I agree that the theory is correct, at least to the first "clue." The sum would need to equal the missing house number but there is significance that two sum of two of the possibilties are equal it only shows that there could be two answers that meet the requirements.

I don't see how it's right even on a technicality. How could a house be numbered 13 while the house across the street is also numbered 13? It would seem logical for that house to be 12 or 14.

It comes down to there just isn't enough information given, like you said.

Its 2, 2, and 9. I did word it wrong in my first post. Stupid me. :( Its supposed to say the oldest is younger then then the next door neighbor. I feel like an idiot, I didnt realize I copied the problem wrong until I called someone.

To figure it out this is how it goes. You make the table you guys all did, then you add up the ages you got for each part of the table. You will get 2 answers that are the same; 2, 2, and 9, and 1, 6, and 6. But it said that there is an oldest one, so that eliminates 1, 6, and 6, so therefore it has to be 2, 2, and 9.

Originally posted by ilpadrino113
ummm..... no


the product of 3 12's = 1728


but close tho:rolleyes:

my bad I read it as saying sum, not product, chill my man ~

Who in the world said that there was another house with the number 13?

There is obviously a reason for the 3rd clue. If the house number were anything else, the third clue wouldn't be needed, AND we would need the house number to solve the problem (or else a different third clue).
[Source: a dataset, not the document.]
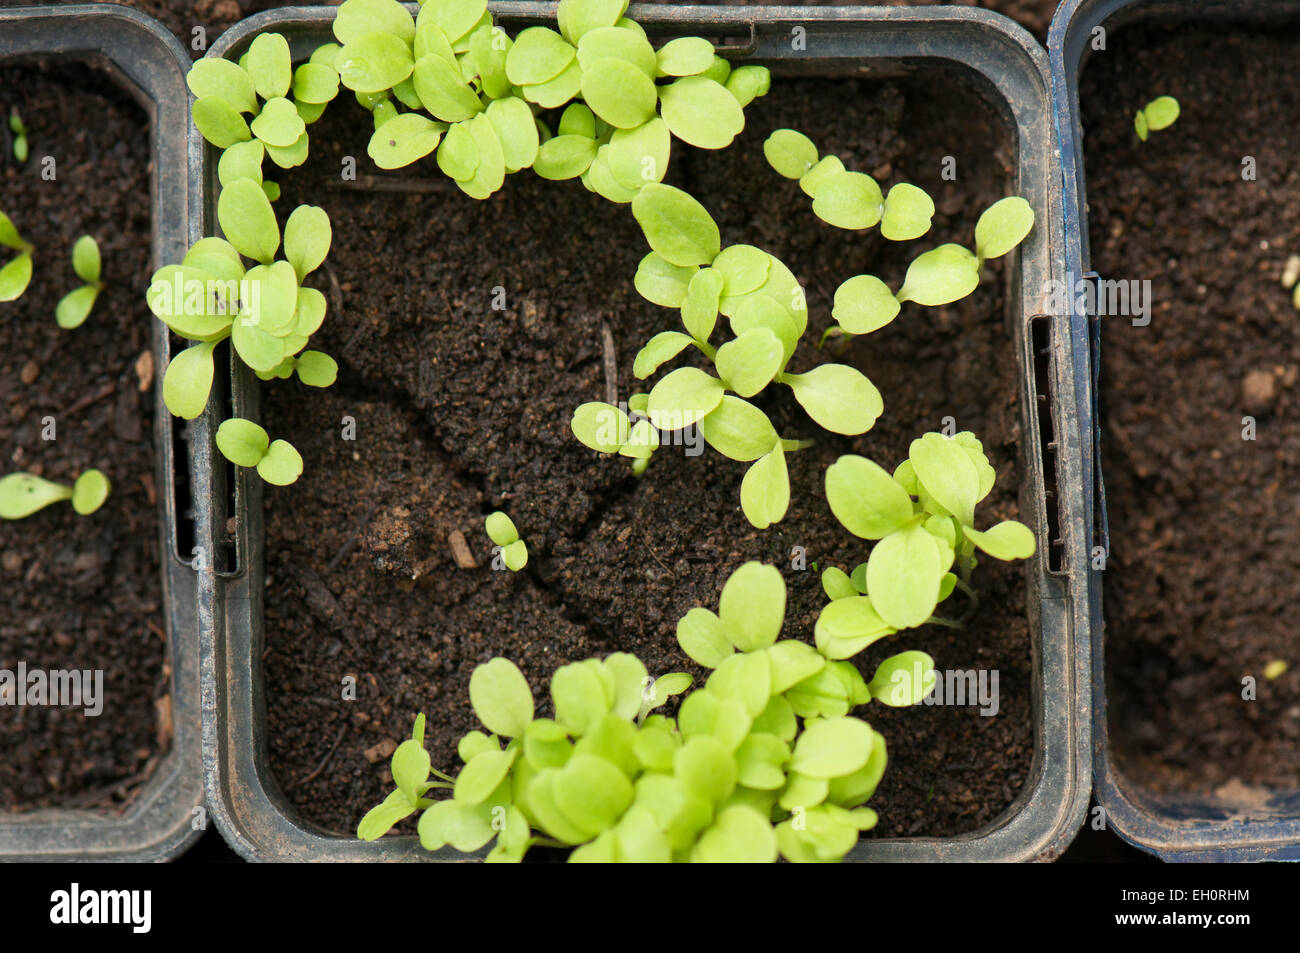 Young salat plants(Lactuca sativa) in pots Stock Photo

But since the third clue has nothing to do with house numbers, we have to assume the house number is 13, because it's the only one with two solutions.
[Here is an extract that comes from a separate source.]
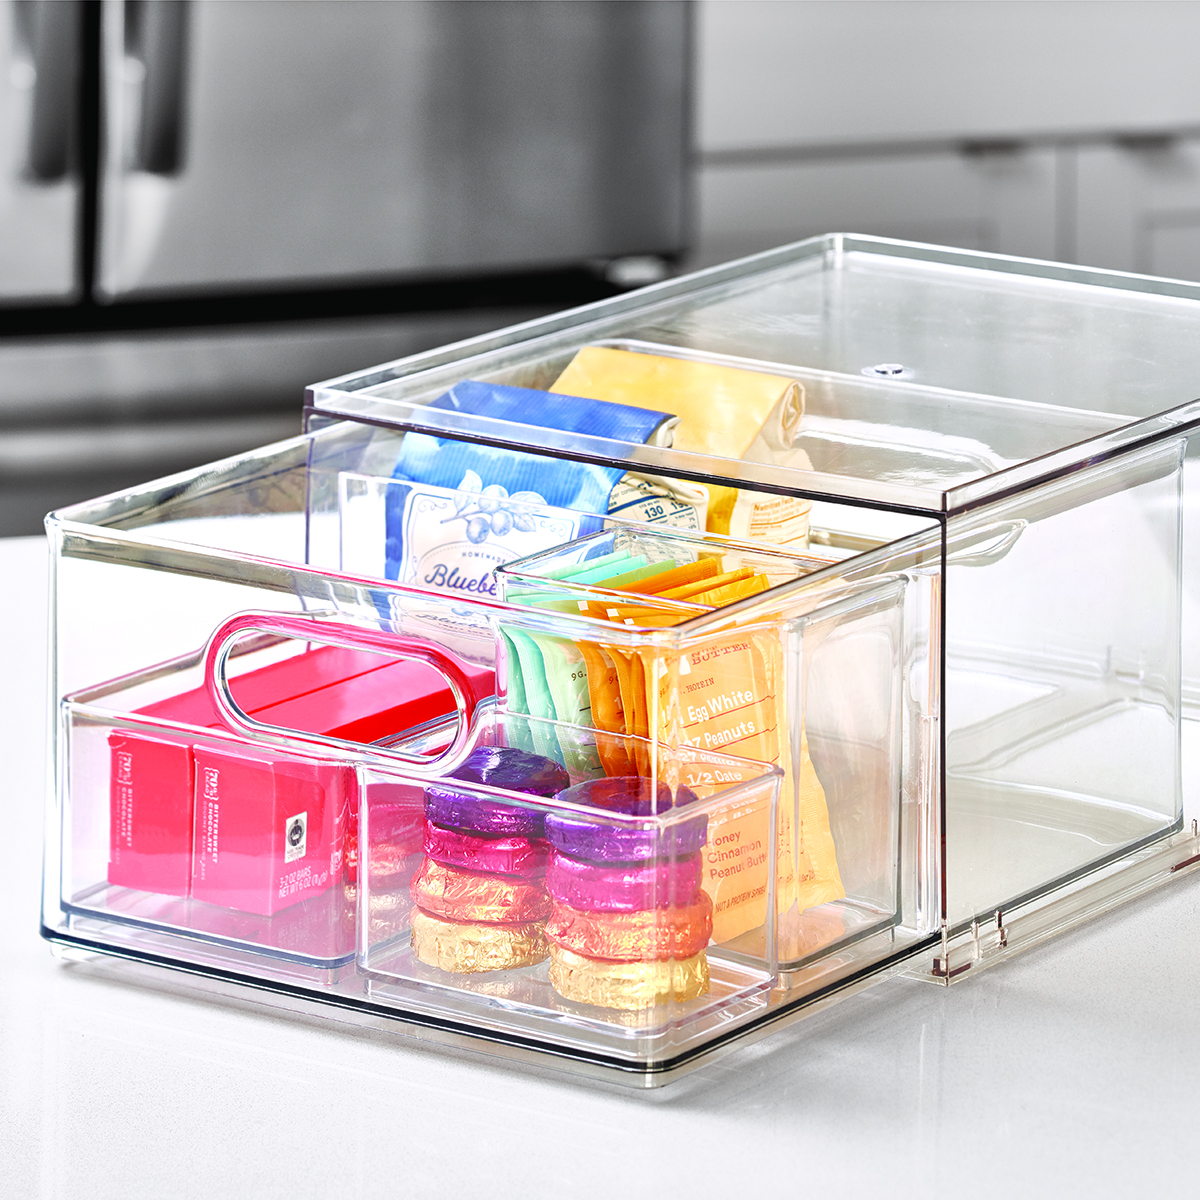 https://www.containerstore.com/catalogimages/390166/10077088-T.H.E.-large-drawer-VEN3.jpg?width=128&height=128&align=center

Never anywhere does it say that there is another house with the same number. Just because you have two possible solutions with the number 13 doesn't mean there are two different houses with the number 13.

Haha, turns out I had the problem right from the beginning. The person I called copied the problem wrong. Try and figure it out using my first post. It IS possible, so dont tell me there isnt enough information. Have fun. :devil:

Im still sticking with my answer of there isnt enough information given. In all equations there is only a possible answer if there are one unknown. In this equation the possibilities are varied because there are more than one unknowns. EXAMPLE: 2+x=5 you know that x=3. This equation is more like x+x=5 and there could be multiple answers.

Originally posted by rooster_20
Im still sticking with my answer of there isnt enough information given. In all equations there is only a possible answer if there are one unknown. In this equation the possibilities are varied because there are more than one unknowns. EXAMPLE: 2+x=5 you know that x=3. This equation is more like x+x=5 and there could be multiple answers.

Nope, there is a way to get one, and only one answer.

Alright, I think we give up:p